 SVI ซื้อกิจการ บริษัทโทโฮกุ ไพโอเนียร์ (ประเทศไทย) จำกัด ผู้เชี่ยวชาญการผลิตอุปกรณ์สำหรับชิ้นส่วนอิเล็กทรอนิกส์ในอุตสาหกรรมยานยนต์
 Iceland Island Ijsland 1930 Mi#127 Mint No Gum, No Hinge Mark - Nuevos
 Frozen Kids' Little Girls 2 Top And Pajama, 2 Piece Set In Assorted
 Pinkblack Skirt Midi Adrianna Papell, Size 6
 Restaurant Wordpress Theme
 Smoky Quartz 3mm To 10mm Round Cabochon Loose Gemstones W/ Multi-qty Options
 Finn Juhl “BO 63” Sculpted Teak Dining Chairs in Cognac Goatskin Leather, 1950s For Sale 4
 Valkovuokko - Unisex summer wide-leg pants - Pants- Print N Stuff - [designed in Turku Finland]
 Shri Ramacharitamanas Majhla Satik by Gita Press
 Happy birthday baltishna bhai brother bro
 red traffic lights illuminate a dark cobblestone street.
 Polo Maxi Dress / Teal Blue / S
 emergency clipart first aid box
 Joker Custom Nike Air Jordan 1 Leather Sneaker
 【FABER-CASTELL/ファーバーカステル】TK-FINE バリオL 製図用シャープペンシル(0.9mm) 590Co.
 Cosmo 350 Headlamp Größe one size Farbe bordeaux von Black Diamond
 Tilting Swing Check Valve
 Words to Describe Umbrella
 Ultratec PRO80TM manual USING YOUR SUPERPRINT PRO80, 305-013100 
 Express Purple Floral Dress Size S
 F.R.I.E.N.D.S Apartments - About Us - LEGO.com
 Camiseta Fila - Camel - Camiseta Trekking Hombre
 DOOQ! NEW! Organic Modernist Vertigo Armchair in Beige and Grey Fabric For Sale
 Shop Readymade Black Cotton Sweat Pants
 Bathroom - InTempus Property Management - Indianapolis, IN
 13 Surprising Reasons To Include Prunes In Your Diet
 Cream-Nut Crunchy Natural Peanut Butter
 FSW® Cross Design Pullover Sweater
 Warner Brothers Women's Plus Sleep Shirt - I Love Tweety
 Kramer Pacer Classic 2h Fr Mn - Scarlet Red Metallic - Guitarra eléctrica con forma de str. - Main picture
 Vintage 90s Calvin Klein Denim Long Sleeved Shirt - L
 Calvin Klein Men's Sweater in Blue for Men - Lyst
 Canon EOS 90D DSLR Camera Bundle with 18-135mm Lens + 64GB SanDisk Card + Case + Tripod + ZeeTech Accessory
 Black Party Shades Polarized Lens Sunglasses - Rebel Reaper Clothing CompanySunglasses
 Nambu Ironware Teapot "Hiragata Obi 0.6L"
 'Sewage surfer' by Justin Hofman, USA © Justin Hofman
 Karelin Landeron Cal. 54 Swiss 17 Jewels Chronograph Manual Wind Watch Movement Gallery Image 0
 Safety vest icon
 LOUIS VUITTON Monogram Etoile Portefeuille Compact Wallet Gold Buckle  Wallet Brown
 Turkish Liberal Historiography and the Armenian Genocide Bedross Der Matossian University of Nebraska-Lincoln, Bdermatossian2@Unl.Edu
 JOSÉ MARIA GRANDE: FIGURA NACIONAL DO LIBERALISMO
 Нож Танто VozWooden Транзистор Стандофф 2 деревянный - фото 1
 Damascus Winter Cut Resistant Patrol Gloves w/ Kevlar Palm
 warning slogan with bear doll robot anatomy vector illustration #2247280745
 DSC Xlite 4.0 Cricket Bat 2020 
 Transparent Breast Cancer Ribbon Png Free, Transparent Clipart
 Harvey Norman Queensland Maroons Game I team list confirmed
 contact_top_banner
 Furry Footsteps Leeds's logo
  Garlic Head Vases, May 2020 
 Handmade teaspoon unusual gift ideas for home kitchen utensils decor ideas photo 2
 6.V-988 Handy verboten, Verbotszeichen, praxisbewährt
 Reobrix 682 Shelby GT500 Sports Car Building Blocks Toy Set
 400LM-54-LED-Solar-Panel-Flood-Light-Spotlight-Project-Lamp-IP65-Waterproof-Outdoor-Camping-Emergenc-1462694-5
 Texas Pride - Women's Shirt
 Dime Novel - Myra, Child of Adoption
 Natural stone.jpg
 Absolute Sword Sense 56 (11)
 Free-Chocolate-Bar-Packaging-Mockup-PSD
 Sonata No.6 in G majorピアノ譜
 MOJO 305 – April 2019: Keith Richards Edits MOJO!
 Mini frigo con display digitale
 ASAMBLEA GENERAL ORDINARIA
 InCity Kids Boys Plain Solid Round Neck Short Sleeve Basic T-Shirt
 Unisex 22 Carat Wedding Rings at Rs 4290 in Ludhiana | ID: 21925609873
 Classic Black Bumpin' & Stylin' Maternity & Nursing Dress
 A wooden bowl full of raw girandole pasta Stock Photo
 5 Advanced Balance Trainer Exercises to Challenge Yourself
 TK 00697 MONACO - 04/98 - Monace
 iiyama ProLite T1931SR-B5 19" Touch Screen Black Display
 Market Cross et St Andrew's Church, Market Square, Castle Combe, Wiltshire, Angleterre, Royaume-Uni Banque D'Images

• • • • •

WHAT TO DO = Would you please return all lines of the data that include the word "with"?

RESULT BELOW =
 Canon EOS 90D DSLR Camera Bundle with 18-135mm Lens + 64GB SanDisk Card + Case + Tripod + ZeeTech Accessory
 warning slogan with bear doll robot anatomy vector illustration #2247280745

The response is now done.